Quote:
Originally Posted by freelancemomma
My problem is that I'm practically always at a 4, slight hunger, and it takes A LOT of food to make me feel full (2,000 cals or more at one sitting), so I just about never reach that feeling.
I'm the girl who ate an entire box of chocolates (perhaps 2,000 cals) at age 4 without any ill effects. When I went through a brief bulimic phase in my early 20s (coinciding with a very bad relationship), I binged on 4,000 cals at a time. Even now, after eating moderately for 2.5 years, I'm able to eat off the charts at an all-you-can-eat Japanese restaurant.
Given my enormous capacity for overeating without discomfort, I have to make a choice between experiencing that pleasant full feeling and experiencing a healthy weight. Can't have both.
F.
Wish there was something I could say to help, this is tragic. Might it be worth getting to the bottom of? Have you ever tried to cultivate your hunger satiety levels? It has been a process for me and I still feel like I'm at the early stages of gauging my hunger and fullness but I remember at the beginning it felt more than impossible! I had no idea whatsoever what hunger felt like. I knew what it felt like to want to eat, which I felt most of the time, and I knew what it felt like to be so full that I was really physically sick but the in between was very confusing.

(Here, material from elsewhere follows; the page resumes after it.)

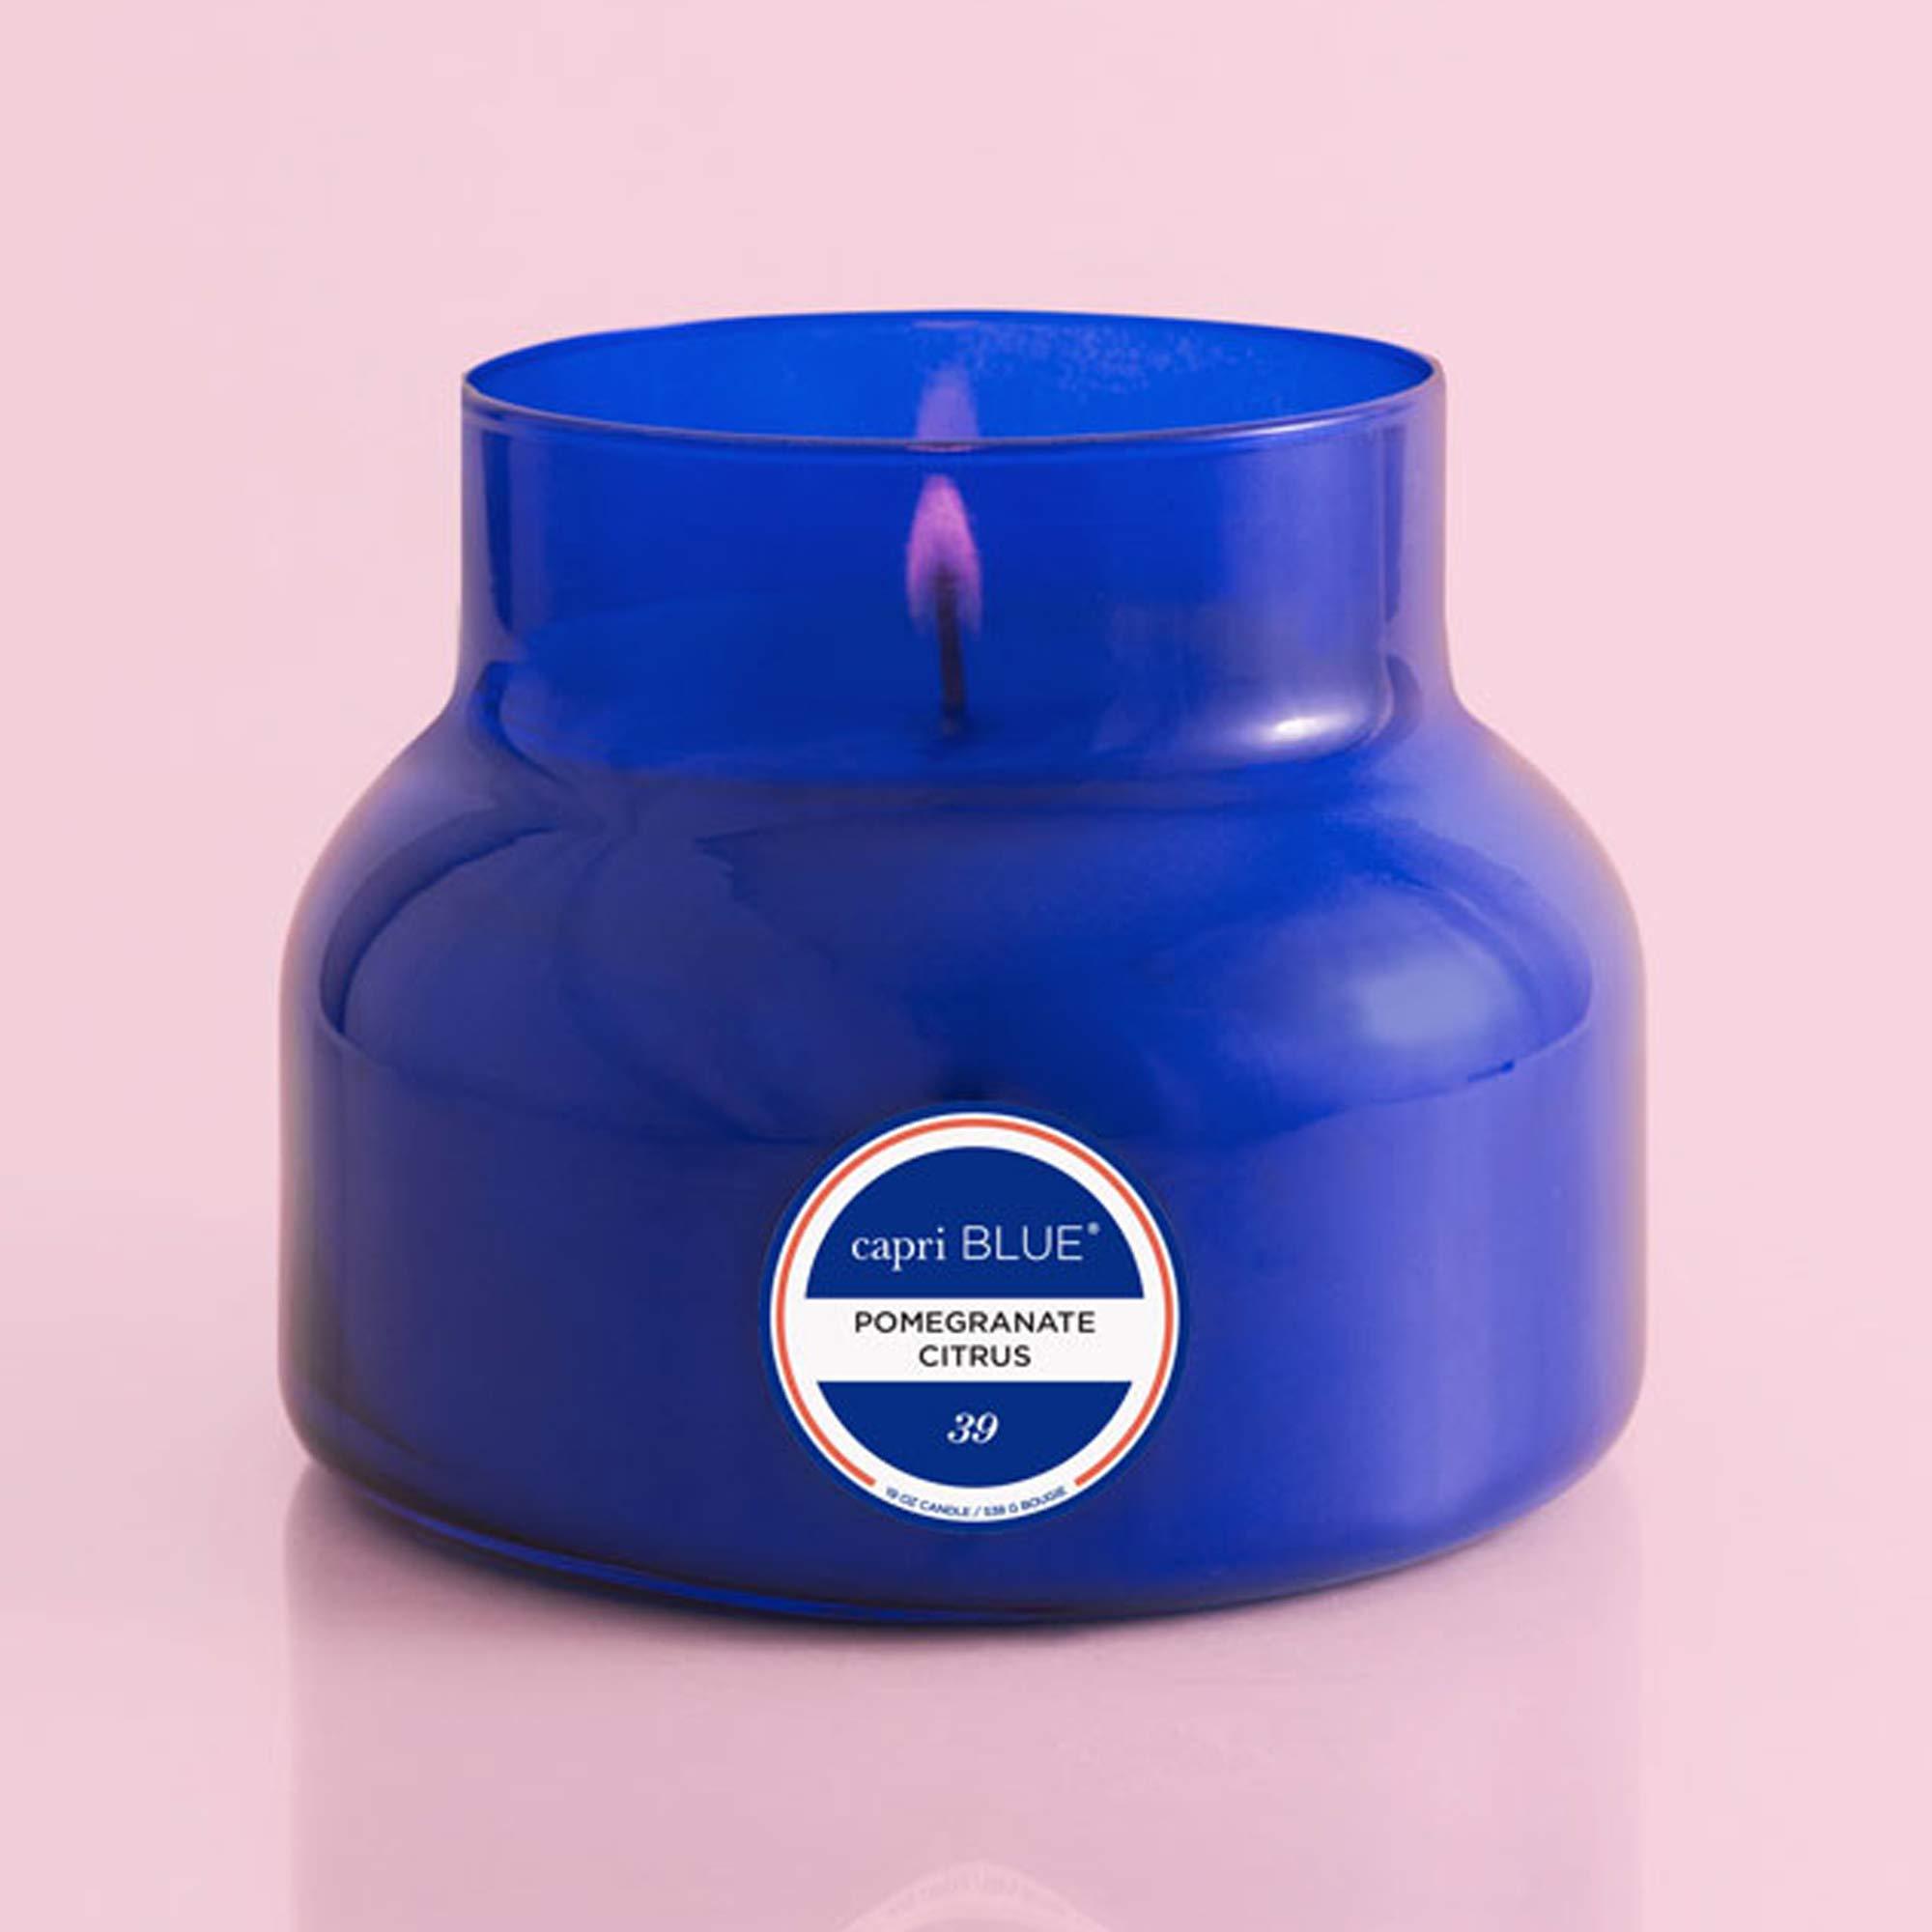 Capri Blue 19 oz Signature Pomegranate Citrus Jar Candle (4 pack), Pomegranate Citrus, One Size by Capri Blue (Image #2)

I was eating for many reasons. Like it was dinner time, or everybody else was eating, or we were out at a restaurant, or someone offered me something. All those times I took my cues from my surroundings rather than my own internal cues. But that wasn't even the problem, my real problem has been eating for emotional reasons, I was eating my feelings. I spent a very long time rejecting this idea, a very very long time! Probably because I did not understand how this could be, but now I understand how an uncomfortable feeling gets processed in my brain as HUNGER and what I can do to stop it. Before I really understood this process I thought it couldn't be true, I honestly thought that food itself was causing me to overeat. Granted, food has a chemical effect on our bodies, but it's unexplainable to me that a little bit of sugar or a piece of bread can drive someone into the despair of binges. That doesn't add up to me, binges are NOT food driven.
But freelancemomma, I'm willing to bet that there is hope for your hunger/fullness signals to become more prominent. It's worrisome that you can never feel physically ill from food, are you sure that is truly the case?